William Joseph Punch
William Joseph Punch, a station hand from Queensland, enlisted in the AIF in Goulburn, New South Wales, on 31 December 1915. Unlike earlier volunteers, he was not subjected to the latent resistance against non-white Australians enlisting in the AIF. William had received basic formal education and at the age of 36 was said to have been an accomplished musician. His enlistment application listed “labourer” as his occupation and his skin colour was identified as “black”.
During his first few months of service, Punch was twice punished with fines for being absent without leave. Nevertheless, he embarked for the training camps in England in April 1916 aboard the troopship HMAT Ceramic with the 17th reinforcements for the 1st Battalion. On arriving he transferred to the 53rd Battalion.
Punch joined the 53rd at the front in northern France on 7 September, 1916. Just two days later he was wounded in action for the first time. After receiving treatment, Punch was transferred back to the 1st Battalion, where he spent a bitterly cold winter in the trenches. In November he lost his main defence against the cold – his greatcoat – for which he was admonished and fined. A few weeks later, Punch had to be evacuated to hospital suffering from trench foot, a painfully debilitating condition caused by immersion in freezing mud and water for extended periods.

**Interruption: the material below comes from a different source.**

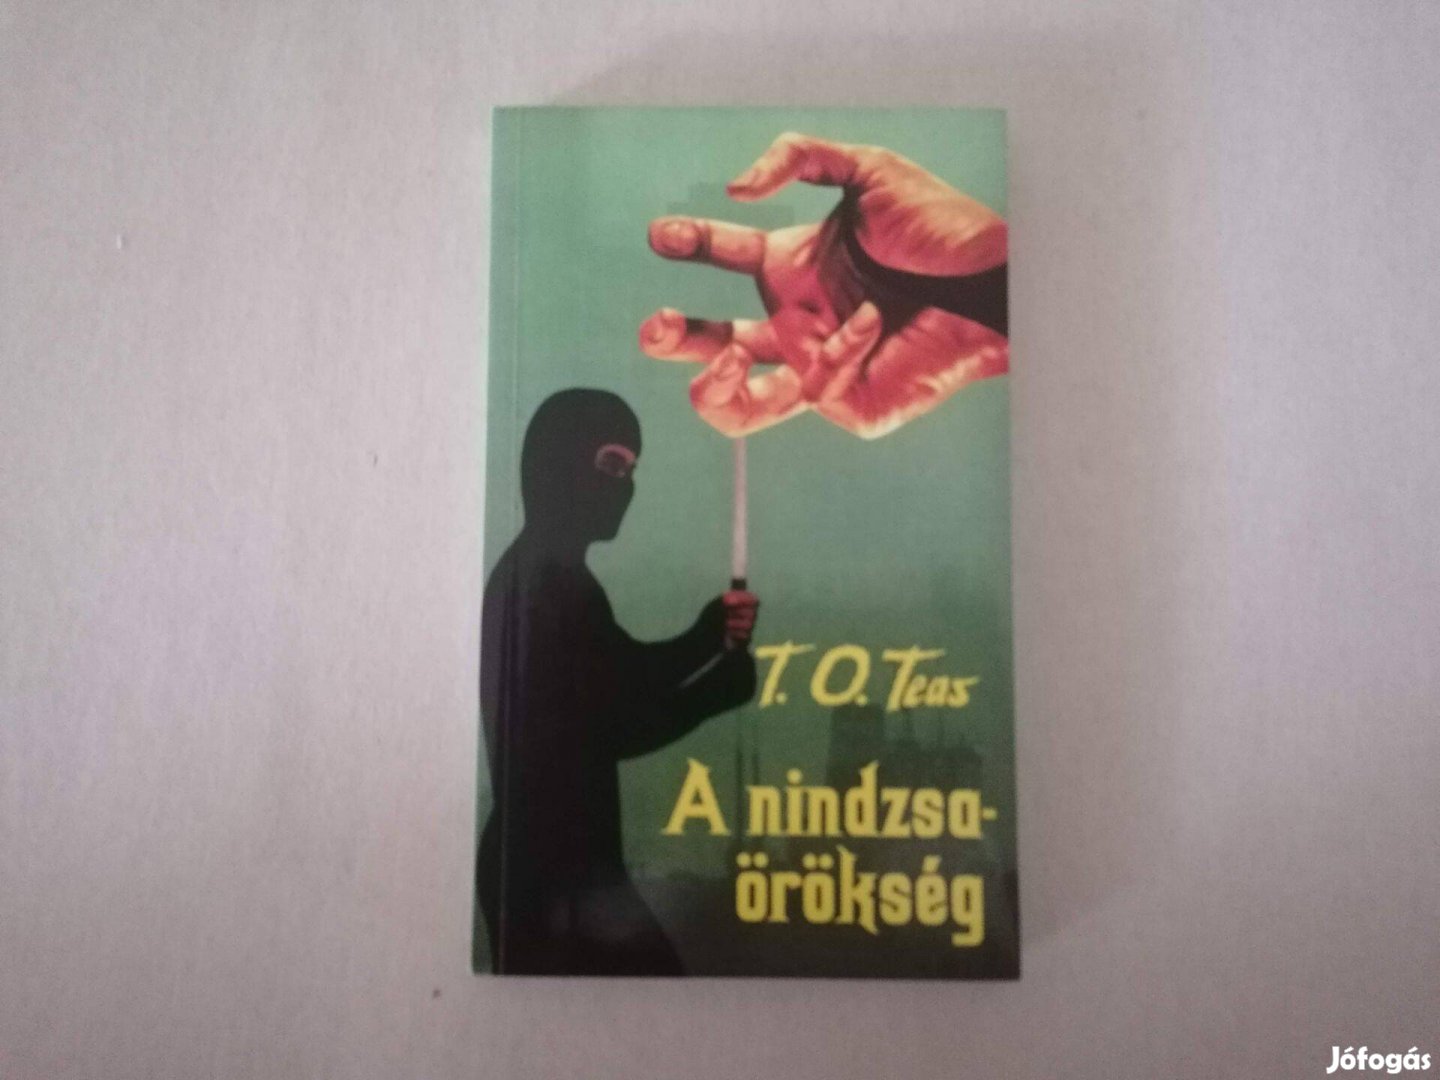 T. O. Teas: A nindzsaörökség című könyve eladó !

Having recovered, Punch returned to the front where, in April 1917, he was wounded once more, this time suffering a serious gunshot wound to the buttock. He was evacuated to England and admitted to a military hospital in Bournemouth, where his condition deteriorated. Within days he was being treated for pleurisy, which soon developed into pneumonia and endocarditis.
Punch succumbed to his illness and died on 29 August 1917. He was accorded a full military funeral. Wreaths were sent from his Australian friends and a firing party was supplied by the New Zealand Engineers. Private Punch was buried in Bournemouth East Cemetery, England.
Activities for research and discussion
Research Australian policies on enlistment during the First World War. What did the 1916 policy stipulate about enlistment for Indigenous Australians? Why do you think this policy existed? Why did it change over time?
Imagine you were departing your home country for the first time. What would you be thinking and feeling? If you were to write a diary entry or letter communicating these feelings, what would it say?
What do Punch’s early absences without leave suggest about army life?
Investigate the actions undertaken by the 1st Battalion in France. What major battles were they involved in? What happened at Pozières in France?
What impact would Punch’s repeated illnesses and wounds have had on his emotional and psychological wellbeing?
What would have been some of the advantages and disadvantages of the great coat?
What challenges would soldiers have faced during the bitter winter of 1916? How are the soldiers coping with the weather in this diorama?
William was given a full military funeral, but many other Indigenous Australians were denied this. Why?
It has been said that the soldiers’ shared experience in the AIF during the First World War united them regardless of their diverse backgrounds and beliefs. Why would this have been so?